Irritability and anger in these minors is one of the most recurrent reasons in psychology clinics and centres. Although these reactions are relatively common in these stages, their chronicity and intensity must be controlled.

When these outbursts are too pronounced and occur too often they can be diagnosed as a Mood Disrupting Disorder . Below we discuss its symptoms and treatment, as well as the controversy surrounding this concept.

What is Mood Disrupting Disorder?

Mood Disrupting Disorder (MDD) is a relatively new term in clinical psychology and psychiatry which refers to a disturbance of a child’s mood . During this the child shows manifestations of chronic irritability and mood states that are disproportionate to the situation.

Although these symptoms can also be seen in a wide variety of psychological disorders in children such as bipolar disorder , oppositional defiant disorder or attention deficit hyperactivity disorder (ADHD), the idea of creating a new concept like that of TDDEA was based on the objective of being able to include tantrums and angry outbursts in the diagnosis.

The incorporation into DSM-V of this new label for child behavior has been widely criticized by both professionals in psychology and pedagogy and by researchers in behavioral sciences. One of these criticisms is the questioning of whether it is really necessary to create more labels for child behaviour , since these tend to create a stigma in the child both on a personal and social level.

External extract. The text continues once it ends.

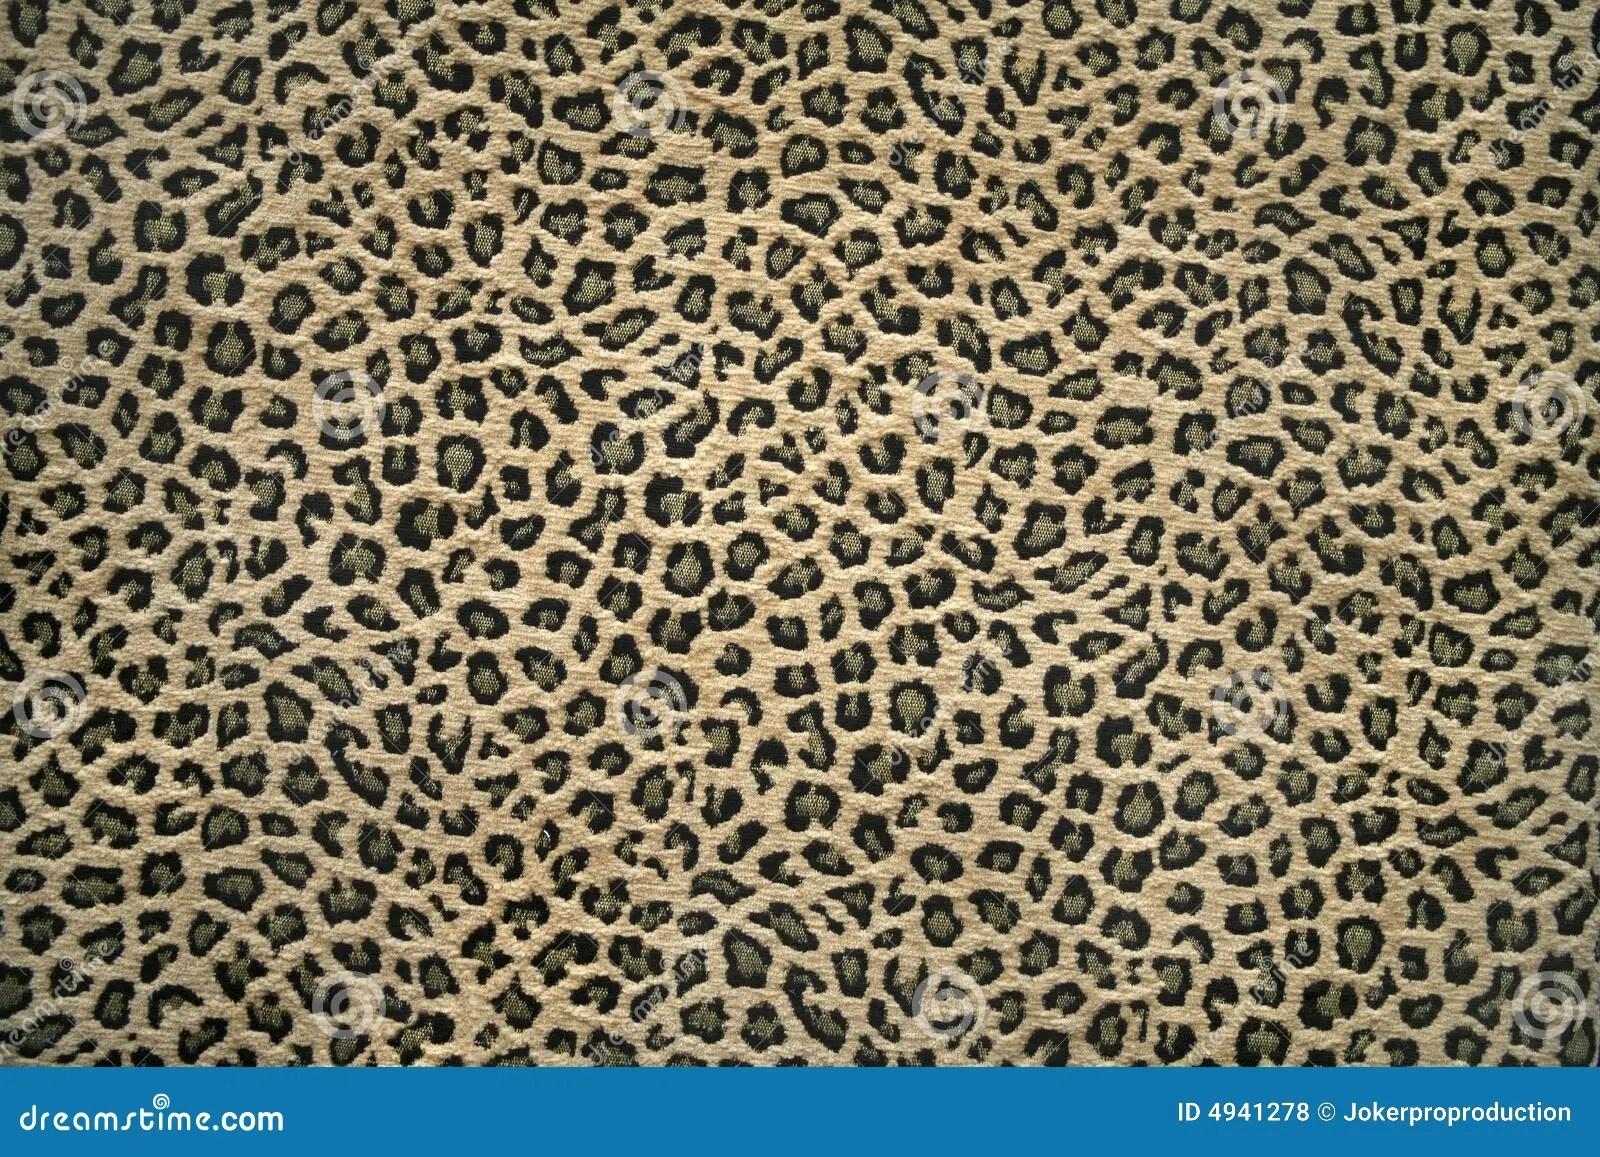 Leopard skin pattern stock illustration Illustration of

On the other hand, the diagnostic criteria do not take into account the family, school or social context of the child , which can have a great influence on his/her mood and behaviour and can be the real cause of these outbursts of anger and rage.

Finally, it has been questioned whether this disorder was substantially different from the others already exposed. However, according to some studies there is a disparity in the aetiology, evolution and neurobiological basis.

Differences with pediatric bipolar disorder

There are many cases of suspected disruptive mood disorders which, because of the similarity in the symptomology of the two conditions, have been diagnosed as pediatric bipolar disorder.

The main difference between the two is that, just as in bipolar disorder the child has well-defined episodes of depressed mood and mania, children diagnosed with TDDEA do not experience these different episodes as precisely or in a limited way.

In bipolarity specific episodes are intermingled with moments of euthymia, while in TDDEA periods of change are much more persistent and random.

Symptomatology of TDDEA

In order to make a satisfactory diagnosis of TDDEA, without burdening the child with unnecessary labels, the fifth volume of the Diagnostic and Statistical Manual of Mental Disorders (DSM-V) describes the diagnostic criteria for this disorder, including its symptoms and exceptions.
These criteria are:

  • Symptoms present in children between 6 and 18 years of age
  • Severe and recurrent outbursts of anger in response to common stressors. These outbursts should be incongruent with the child’s developmental level, the mood between bouts of anger should be irritable or irascible, and the average bout of anger should be at least three times a week.
  • Symptoms begin before age 10.
  • Persistent symptomatology for at least 12 months
  • The symptoms have not disappeared for three or more months in a row .
  • The symptoms must appear in at least two of the following contexts: home, school, social context; being severe in at least one of them.
  • The symptomatology cannot be better explained by any other medical condition, nor by the consumption of any drug or substance.
  • The symptoms do not correspond to the criteria of a manic or hypomanic episode for more than one day.
  • The symptoms do not meet the criteria for a major depressive episode.

It is necessary to specify that this diagnosis cannot be made in any case before the age of 6, since in these stages tantrums and outbursts of anger are common and normative.

On the other hand, the DSM-V specifies the inability of this disorder to occur at the same time as bipolar disorder, oppositional defiant disorder, or intermittent explosive disorder.

Effects and consequences of TDDEA

According to the evaluations and studies in the field of child psychology, it is observed that approximately 80% of children under 6 years of age manifest tantrums in a more or less recurrent manner, becoming severe in only 20% of the cases.

For this anger or aggressiveness to be considered as pathological it must interfere in the child’s daily life, as well as in his/her academic performance and in the daily family dynamics.
As far as the family environment is concerned, this disorder tends to generate a great impotence and feeling of disorientation in the parents of the affected children, since they are unable to manage or control the child’s behaviour and acts; fearing to impose too rigid or on the contrary too lax punishments.

As far as the child is concerned, irascible behaviour ends up affecting his relationship with his peers or equals , who do not understand the reason for his behaviour. In addition, the levels of frustration he feels are so high that his attention span ends up diminishing, making his academic progress difficult.

Treatment

Due to the novelty of the concept, the treatment of TDDEA is still under research and development by clinicians. However, the main protocol for intervention in these cases includes the combination of drugs with psychological therapy.

The medication of choice is usually stimulant drugs or antidepressant medication, while psychotherapy consists of an applied behavioural analysis . In addition, the active role of the parents in the treatment is stressed, as they must learn to manage the changes in the child’s mood in the best possible way.

The pharmacological treatment of disruptive mood disorder is another point for which this condition has received numerous criticisms, questioning the real need to medicate children.